🤖 AI Summary
This work addresses the training challenges of target-conditioned GFlowNets under sparse rewards, high-dimensional state spaces, and offline-only data regimes. We propose Retrospective Backward Synthesis (RBS), a novel method that employs a learnable backward policy to dynamically generate high-quality, diverse backward trajectories—thereby mitigating reward sparsity and expanding trajectory coverage. Our key contributions are threefold: (i) the first integration of a retrospection mechanism into GFlowNets, enabling bidirectional flow modeling of target-conditioned policies and re-synthesis of backward trajectories; (ii) support for joint multi-objective training; and (iii) incorporation of importance weighting to enhance training stability.

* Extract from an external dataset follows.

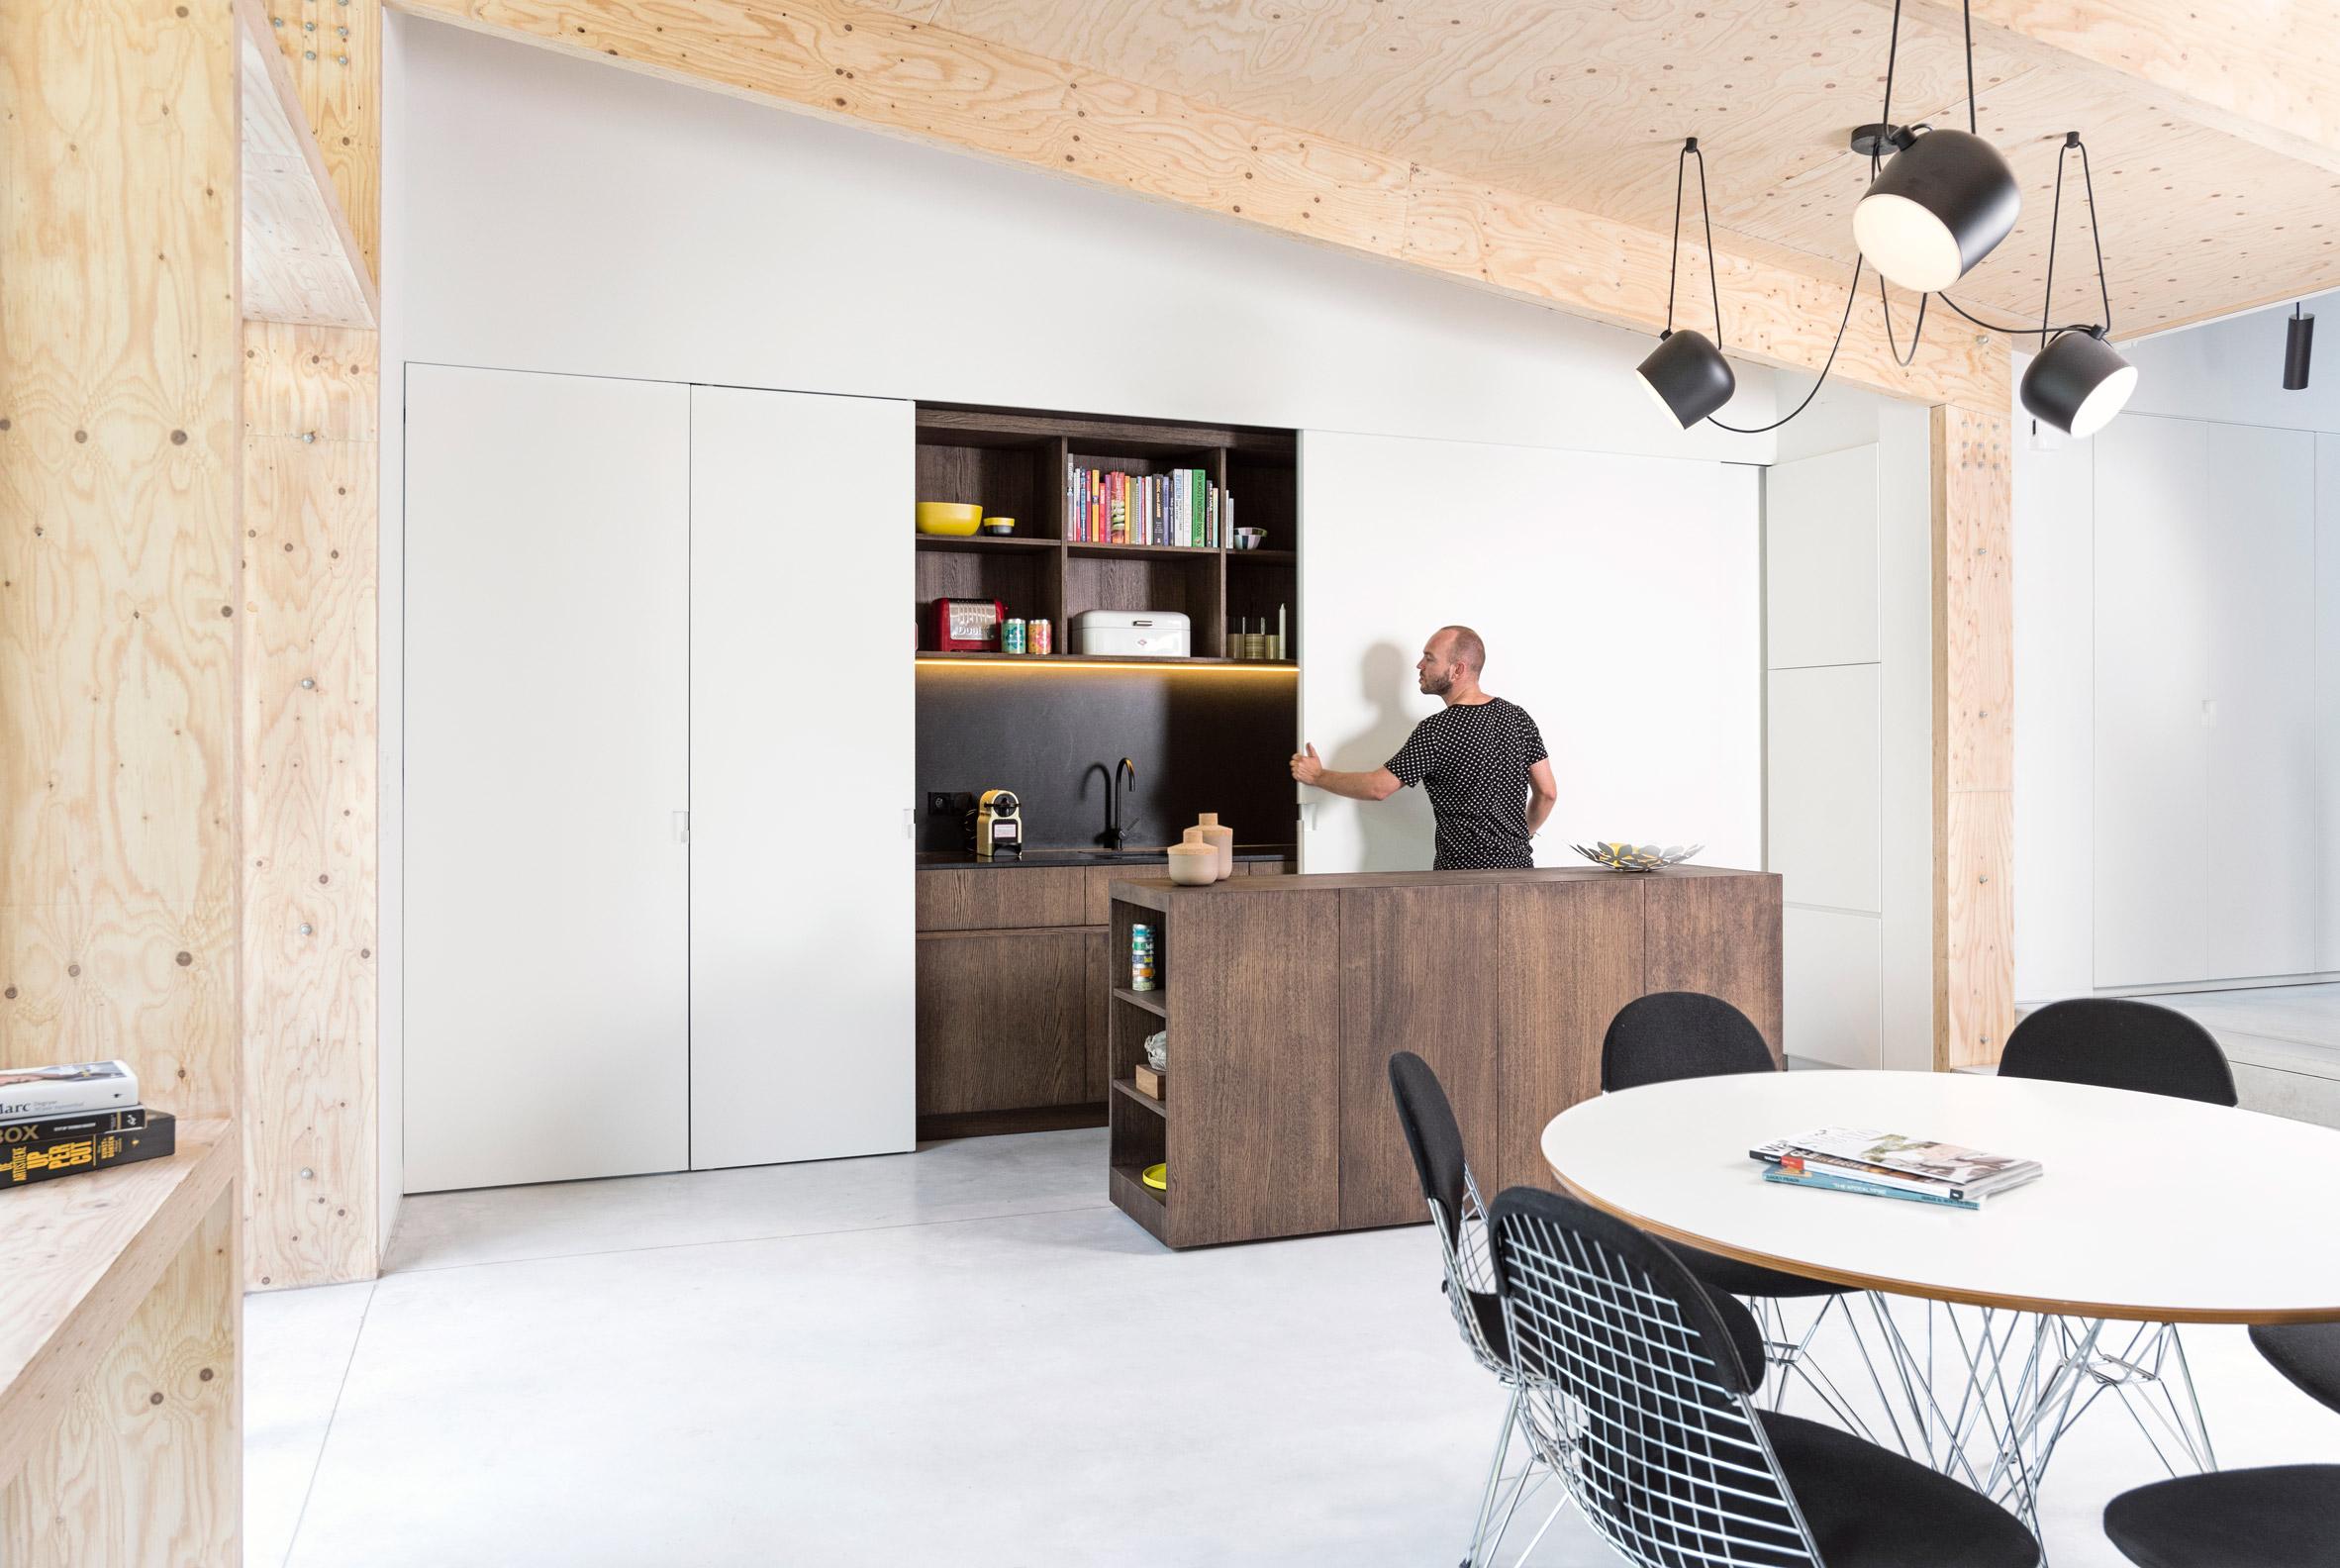 architecture-semi-detached-house-with-an-outdoor-areadesign-studia-interiors-osnovadesign-osnova-poltava_13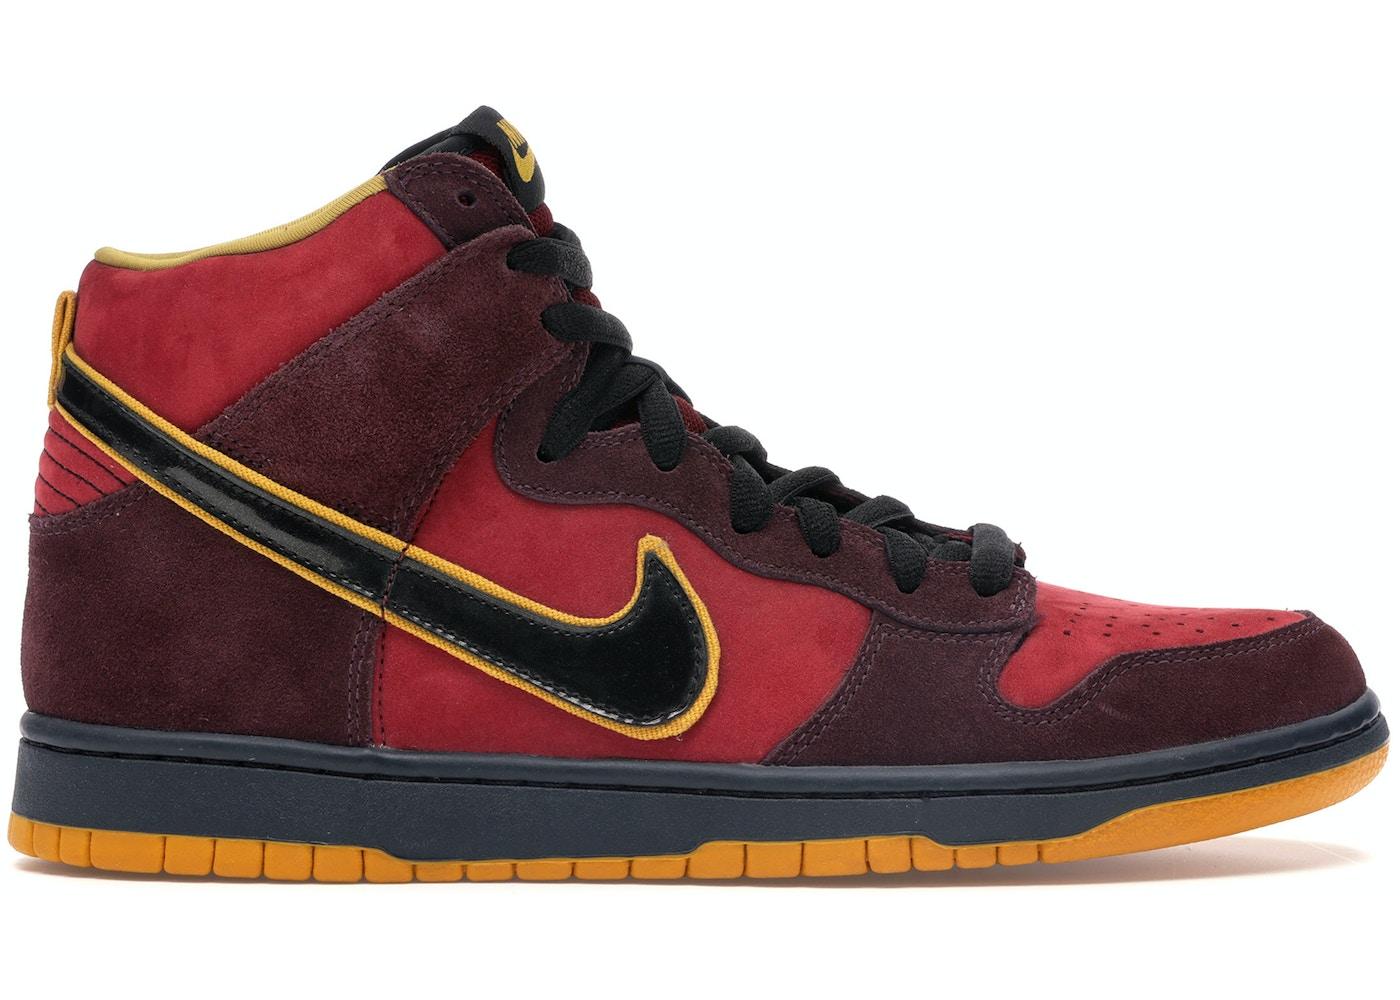 official photos d1e4b 231cb Nike Dunk SB High Iron Man - 313171-600

Evaluated on multiple benchmark tasks, RBS achieves significant gains in sample efficiency and outperforms strong baselines in both generated sample diversity and target-matching accuracy.
📝 Abstract
Generative Flow Networks (GFlowNets) are amortized sampling methods for learning a stochastic policy to sequentially generate compositional objects with probabilities proportional to their rewards. GFlowNets exhibit a remarkable ability to generate diverse sets of high-reward objects, in contrast to standard return maximization reinforcement learning approaches, which often converge to a single optimal solution. Recent works have arisen for learning goal-conditioned GFlowNets to acquire various useful properties, aiming to train a single GFlowNet capable of achieving different goals as the task specifies. However, training a goal-conditioned GFlowNet poses critical challenges due to extremely sparse rewards, which is further exacerbated in large state spaces. In this work, we propose a novel method named Retrospective Backward Synthesis (RBS) to address these challenges. Specifically, RBS synthesizes a new backward trajectory based on the backward policy in GFlowNets to enrich training trajectories with enhanced quality and diversity, thereby efficiently solving the sparse reward problem. Extensive empirical results show that our method improves sample efficiency by a large margin and outperforms strong baselines on various standard evaluation benchmarks.